— Привет, — сказал он. — Вы дочка?
— Эйлин, — назвалась она. — Да.
Она показалась ему какой-то нескладной и мешковатой. «Это все из-за той бесформенной одежды, которую носят нынешние девицы», — промелькнуло в затуманенной голове. Ее темные волосы были разделены прямым пробором и заплетены в две косы; лицо юное и свежее, без признаков макияжа, да и одета по-домашнему — в простенький лиловый свитер.
— У вас приятный трезвый голос, — сказал он и с опозданием понял, что это не самый подходящий комплимент для столь юной особы.
— Я как раз собиралась выпить чашечку кофе, — сказала она. — Не угодно ли составить компанию?
Он чуть не рассмеялся при мысли, что девчонка, похоже, считает себя докой по части укрощения тупых пьянчуг.
— Спасибо, — ответил он, — не откажусь.
Ему было трудно сфокусировать взгляд, и когда она поставила перед ним чашку горячего кофе со словами: «Вам, наверно, лучше черный», — он нагнулся над паром, не закрывая глаз, в надежде таким способом взбодриться.
— Судя по звукам, вечеринка удалась, — сказала она без признаков энтузиазма в голосе. — Каждый нашел себе занятие по душе.
— Славная вечеринка, — согласился он и начал, обжигаясь, прихлебывать кофе, дабы показать, что ее старания не были напрасны. В голове и впрямь слегка прояснилось, и он сказал с улыбкой:
— Мне уже лучше — благодаря вам.
— Должно быть, в комнатах жарковато, — сказала она с утешающей интонацией.

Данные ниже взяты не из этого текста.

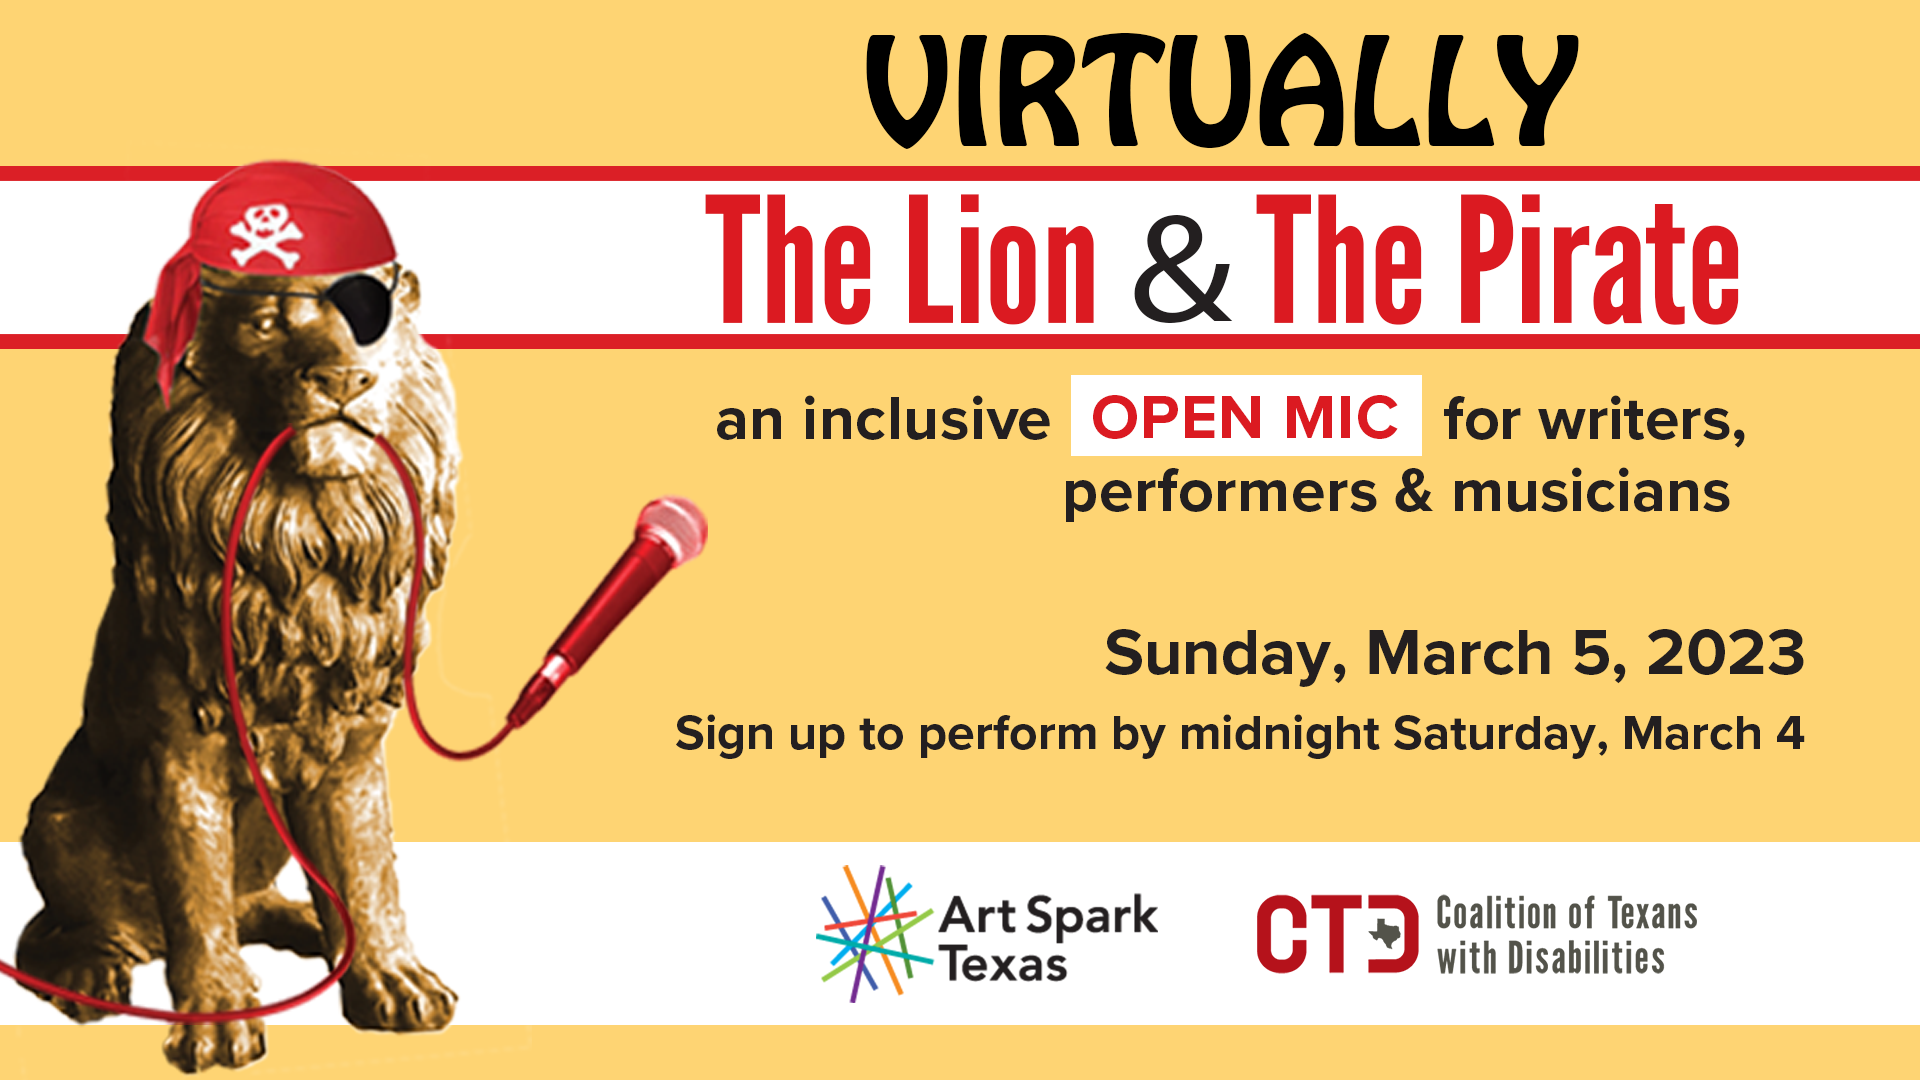 Statue of Lion wearing black pirate hat and eye mask next to event title on mustard background.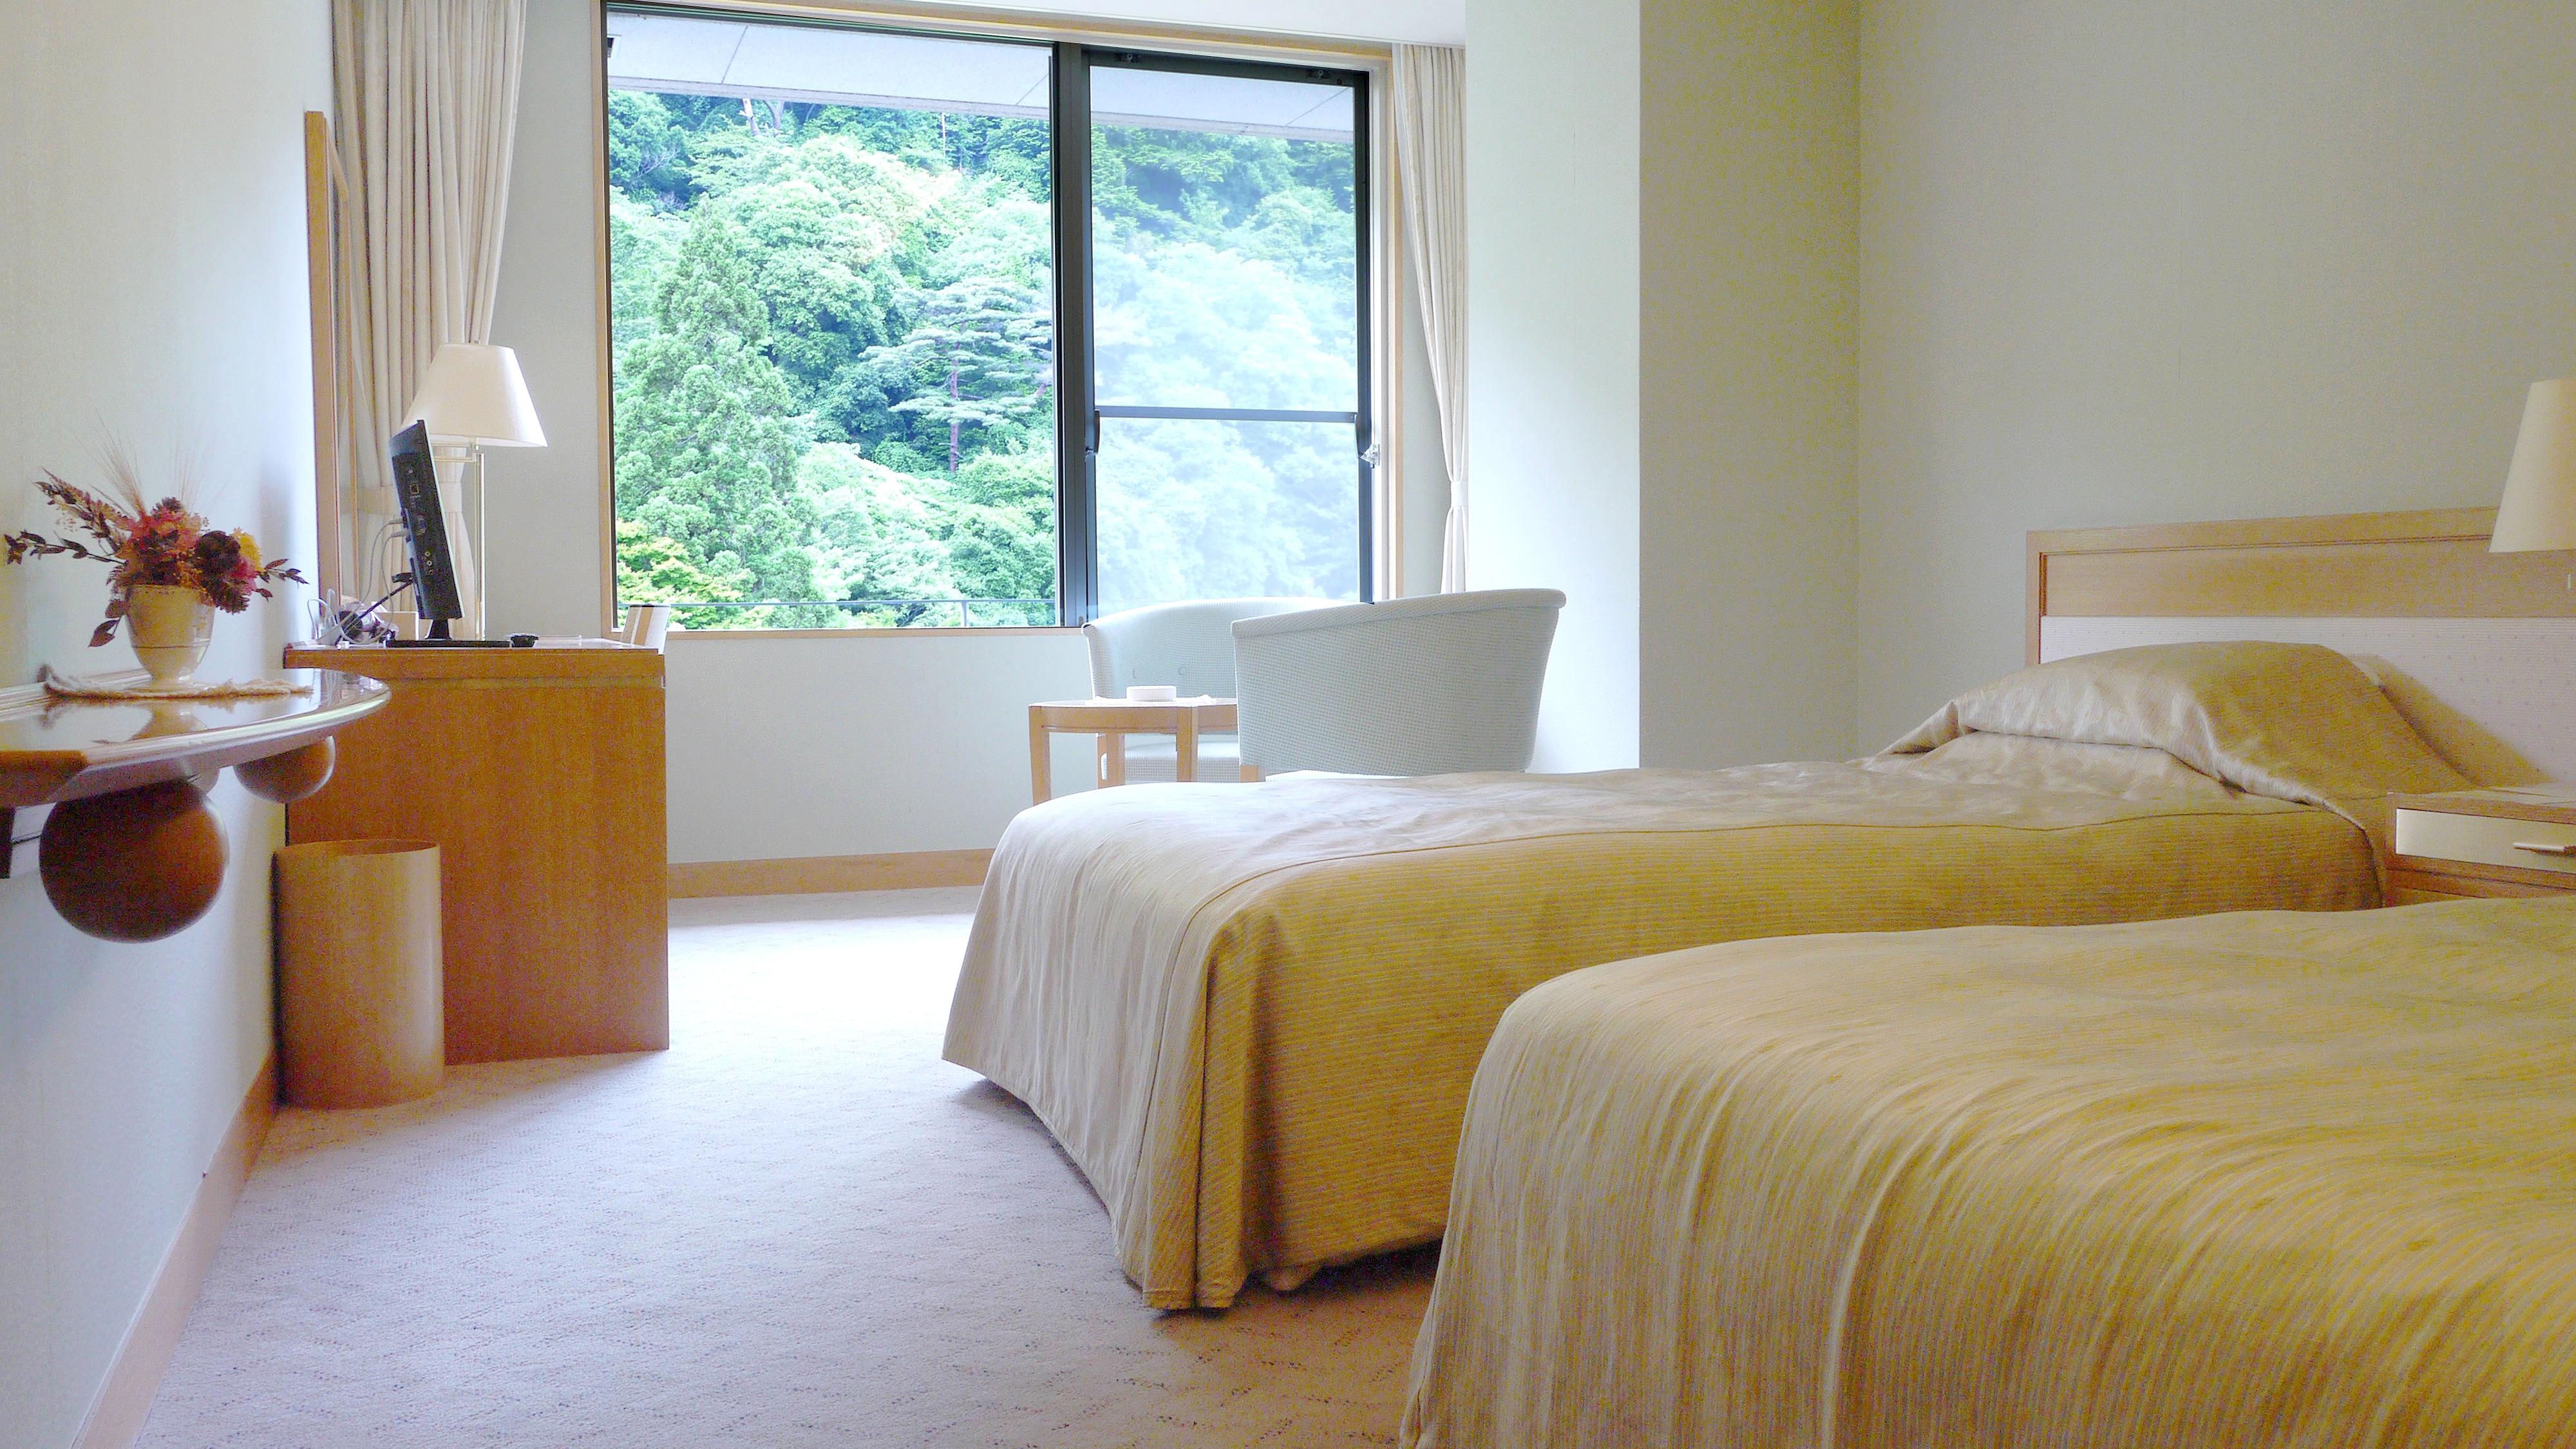 Western-style twin room (20.5㎡) ◆ We have 3 standard Western-style rooms.

Тут он не выдержал и расхохотался. Девчонка нахмурилась, но потом, видимо, решила не обижаться и преспокойно продолжила:
— Наверху было очень жарко, и я спустилась, чтобы немного посидеть здесь.
— Вы спали? — спросил он. — Должно быть, мы вас разбудили.
— Я делала уроки, — сказала она.
Он взглянул на девчонку еще раз и представил себе ее мир: сочинения на заданную тему, аккуратно исписанные тетради, потрепанные учебники, перекидывание записочками на уроках.
— Учишься в школе? — спросил он.
— Да, в старшем классе.
Она помолчала, словно ожидая от него какой-то реакции, а потом добавила:
— Я пропустила один год из-за воспаления легких.
Надо было что-то сказать, но он не мог придумать подходящей темы (о мальчиках? о школьном баскетболе?) и потому сделал вид, что прислушивается к звукам, доносящимся из гостиной.
— Да, вечеринка славная, — повторил он.
— Вы, надо полагать, любитель вечеринок, — сказала она.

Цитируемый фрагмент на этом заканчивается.